:: EXTRACTED ENTRIES
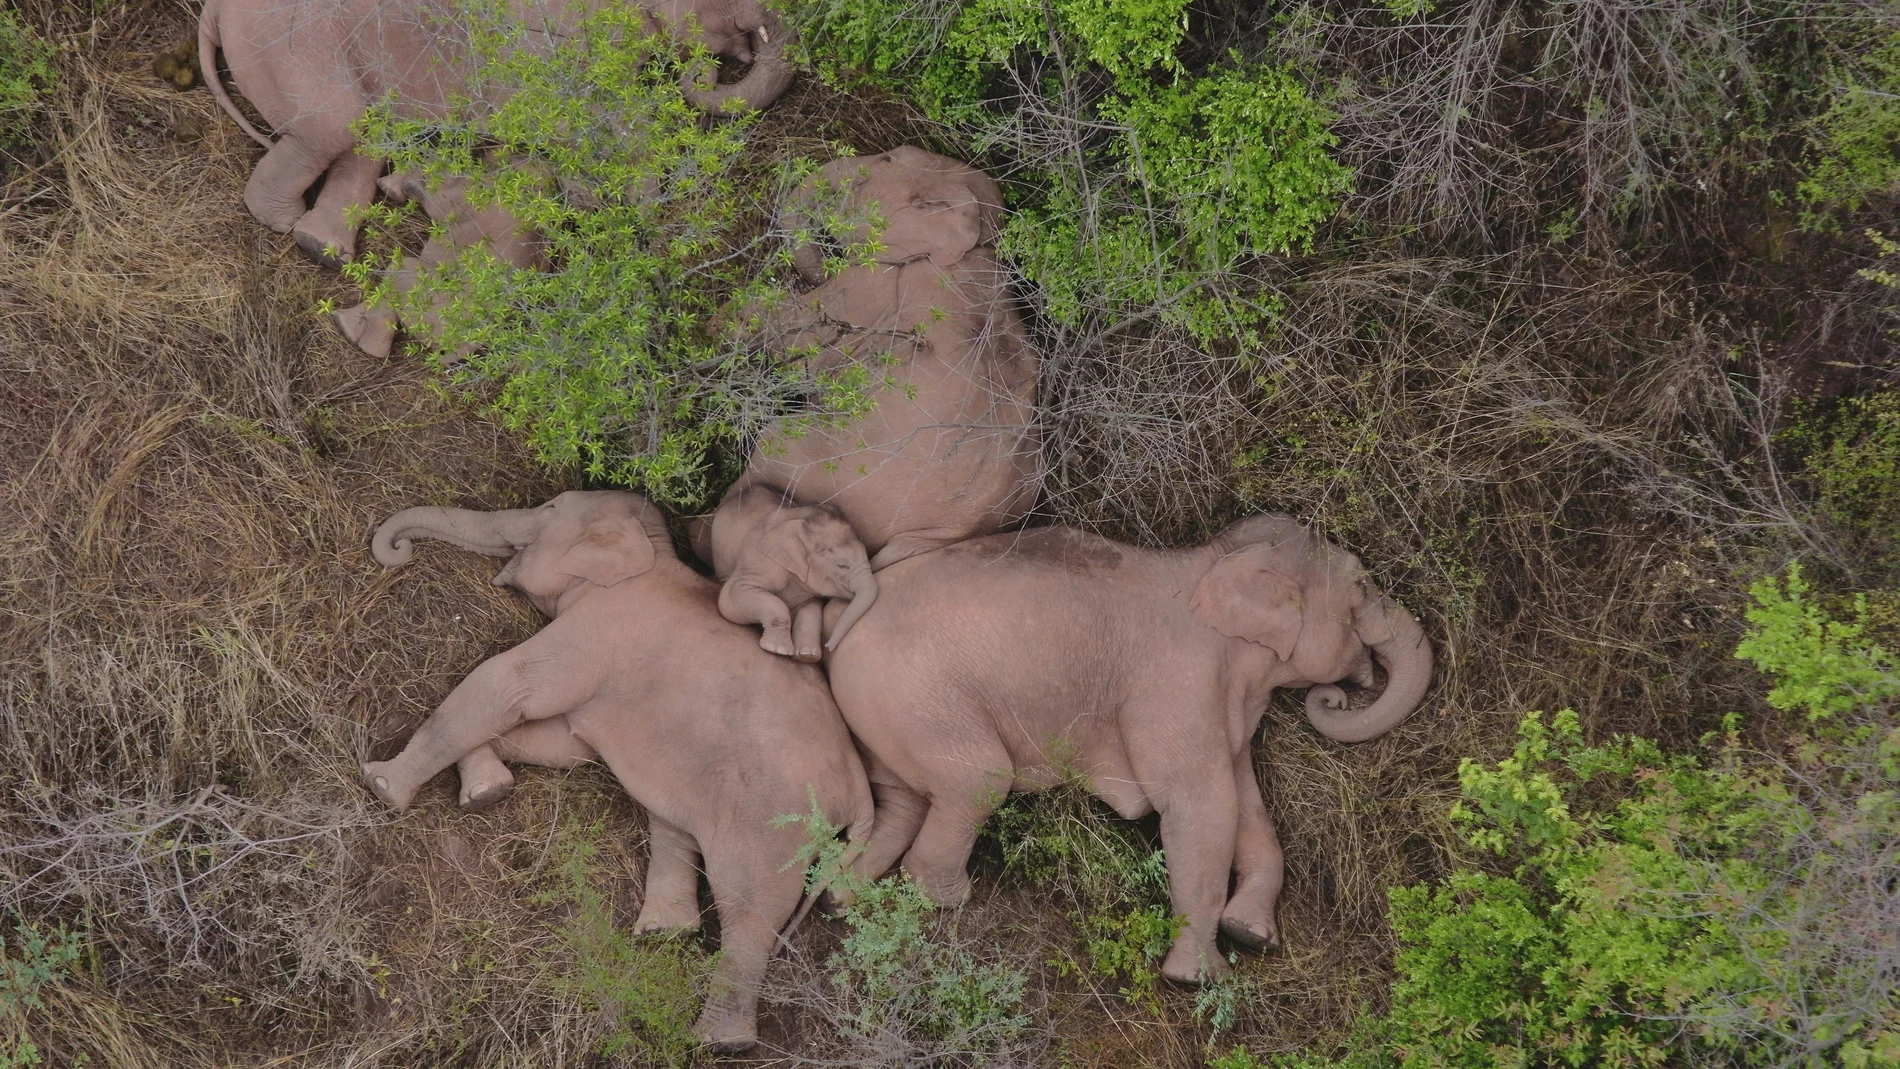 La familia de elefantes descansa en el claro de un bosque en Jinning (China) después de 500 kilómetros de travesía durante el último año
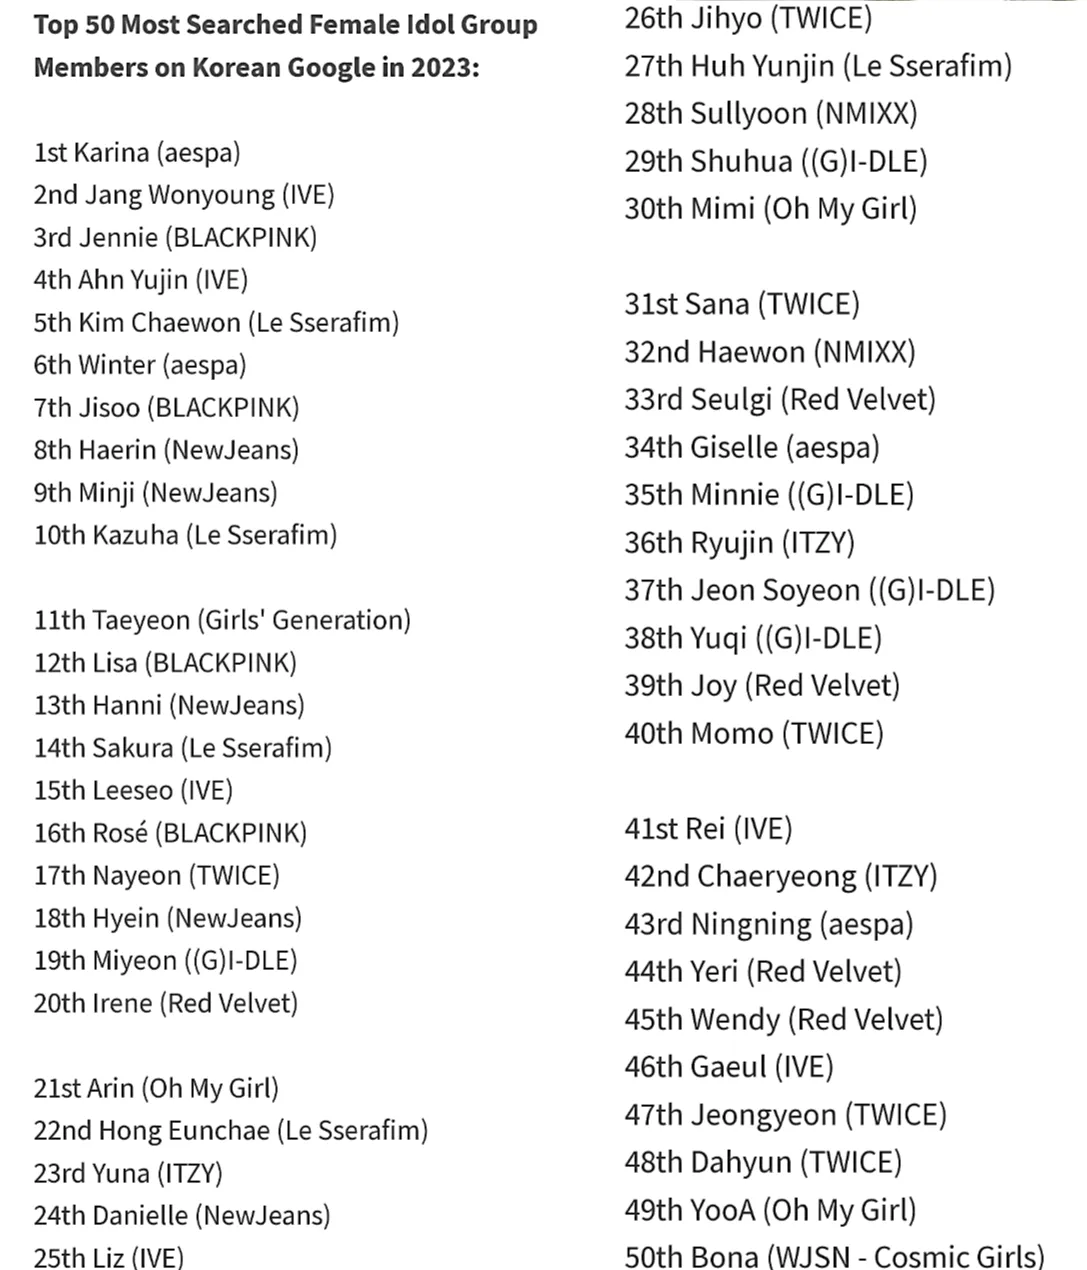 2023년 Google에서 가장 많이 검색된 아이돌 상위 50위 안에 모든 멤버가 포함된 9개 K-pop 그룹: BTS, aespa, SHINee 등!
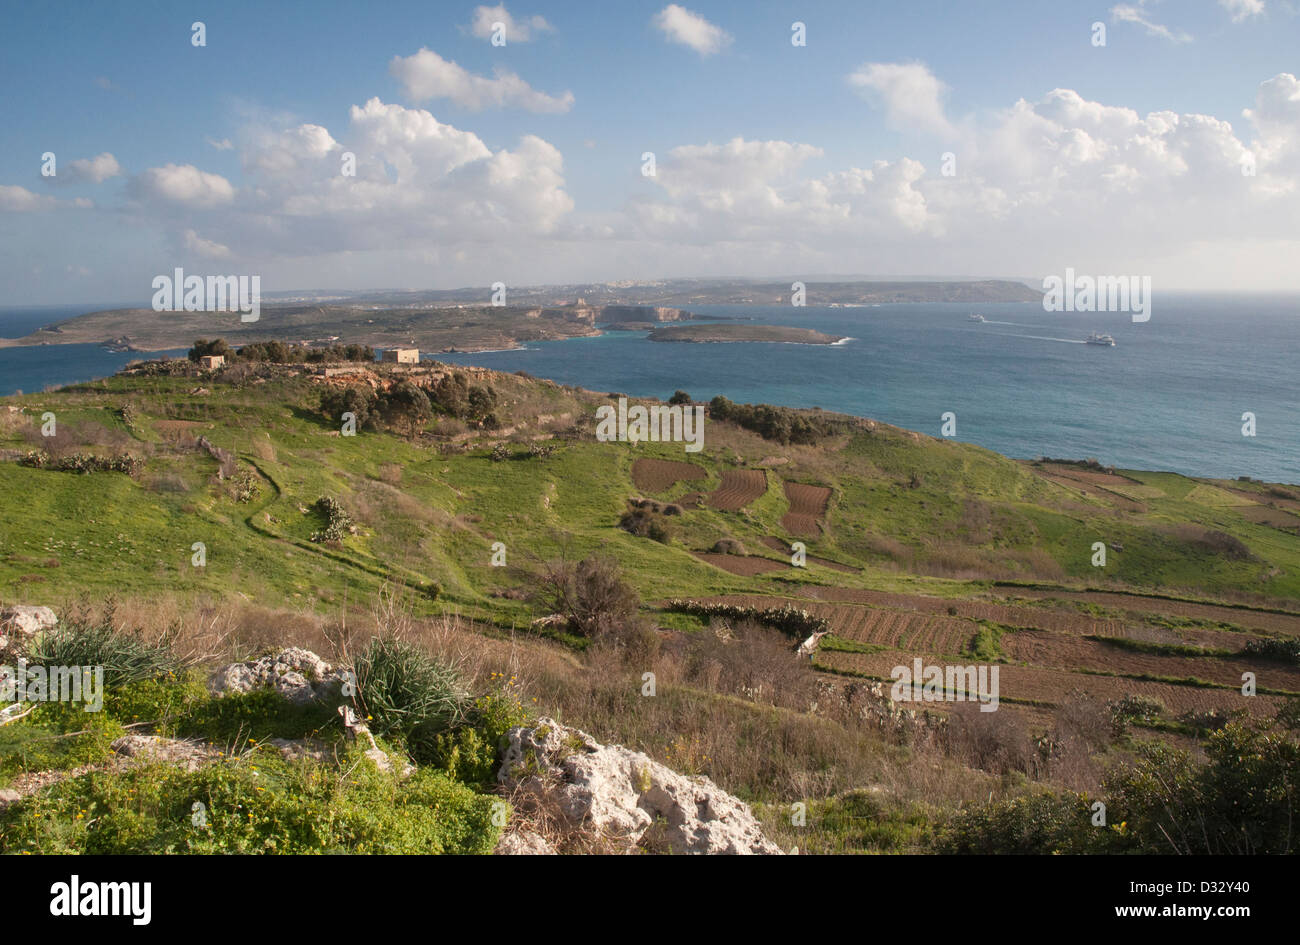 Gozo Landschaft, Vista, Rasen, Sträucher, Steinmauern, Meer in Ferne, sonnig, blauer Himmel, weiße Wolken. Felsen Stockfoto
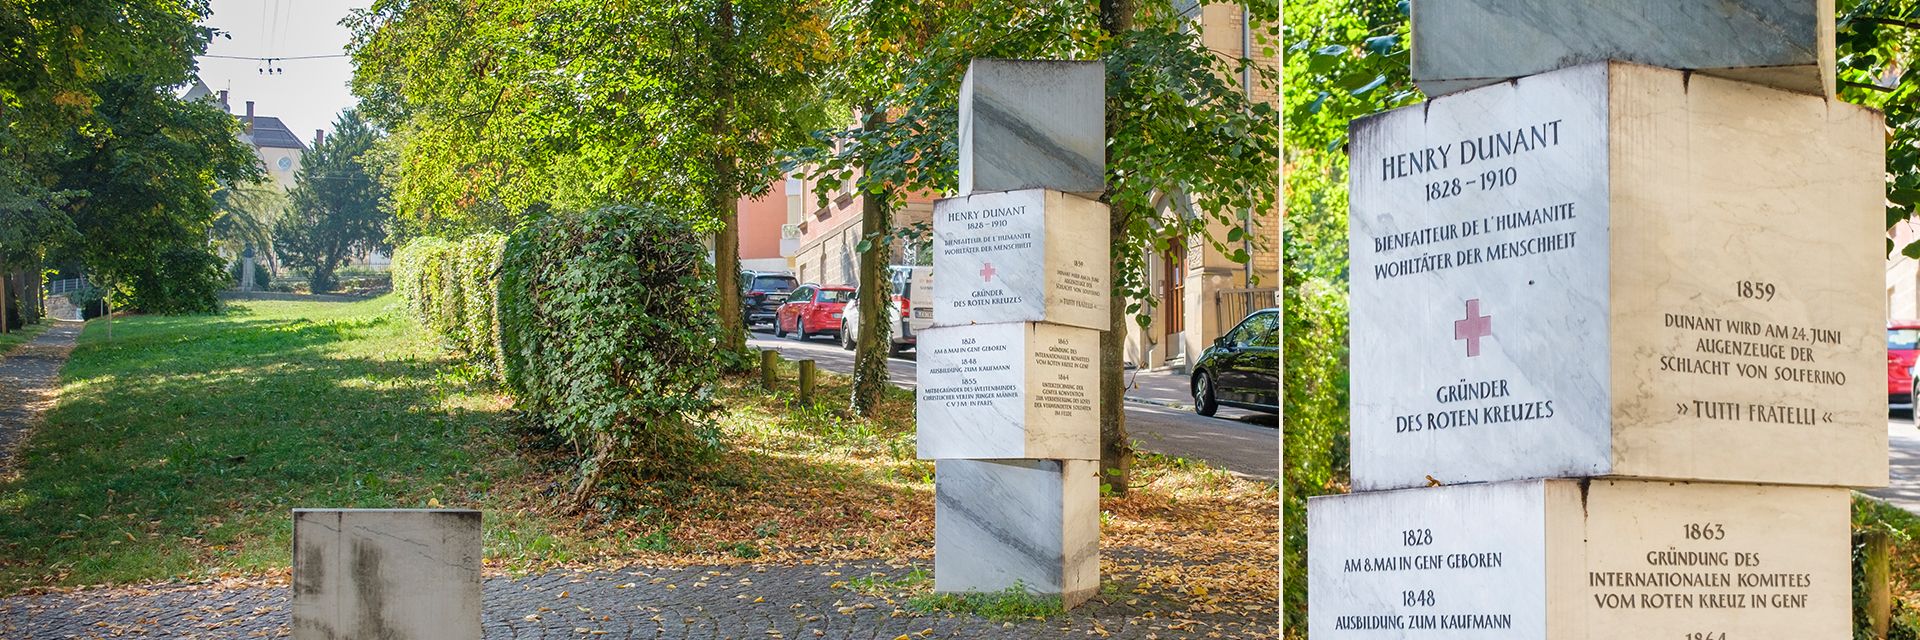 Stele in Stuttgart für den Rotkreuzgründer Henry Dunant 
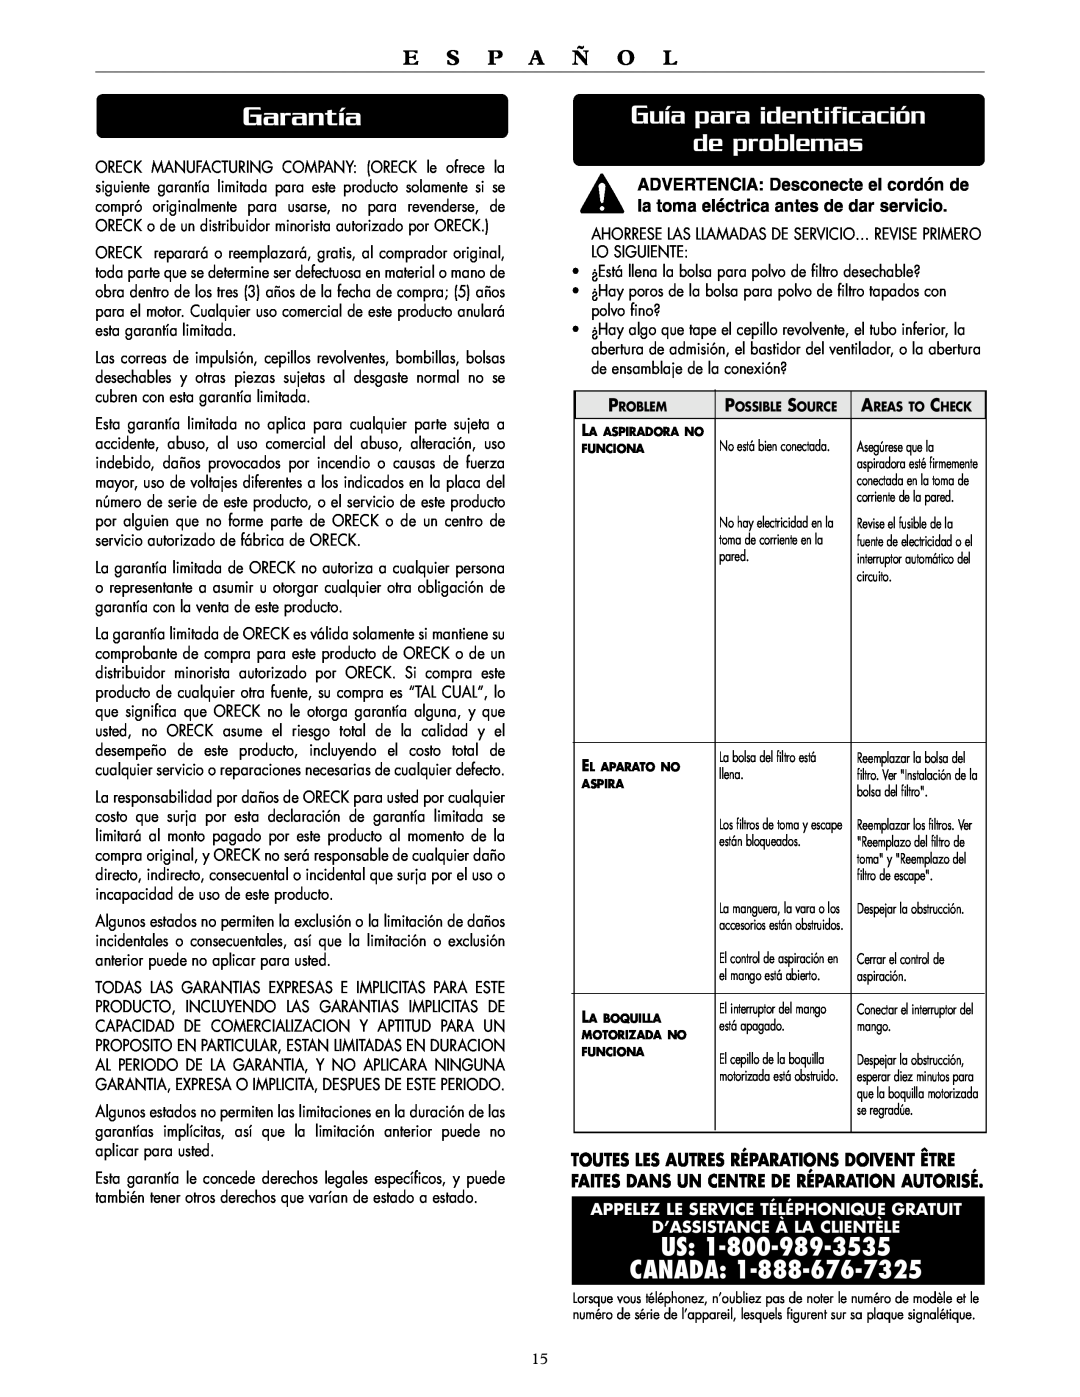 Oreck DTX 1100 Garantía, Guía para identificación de problemas, Toutes Les Autres Réparations Doivent Être, Us Canada
::::
◆ **YOUR GOAL**: Please output, exactly as written, the lines above from the one holding "Gozo Landschaft, Vista, Rasen, Sträucher, Steinmauern, Meer" through the one holding "Stele in Stuttgart", both included, with the pictures omitted.

◆ **OUTPUT OF THE TASK**:
 Gozo Landschaft, Vista, Rasen, Sträucher, Steinmauern, Meer in Ferne, sonnig, blauer Himmel, weiße Wolken. Felsen Stockfoto
 Stele in Stuttgart für den Rotkreuzgründer Henry Dunant 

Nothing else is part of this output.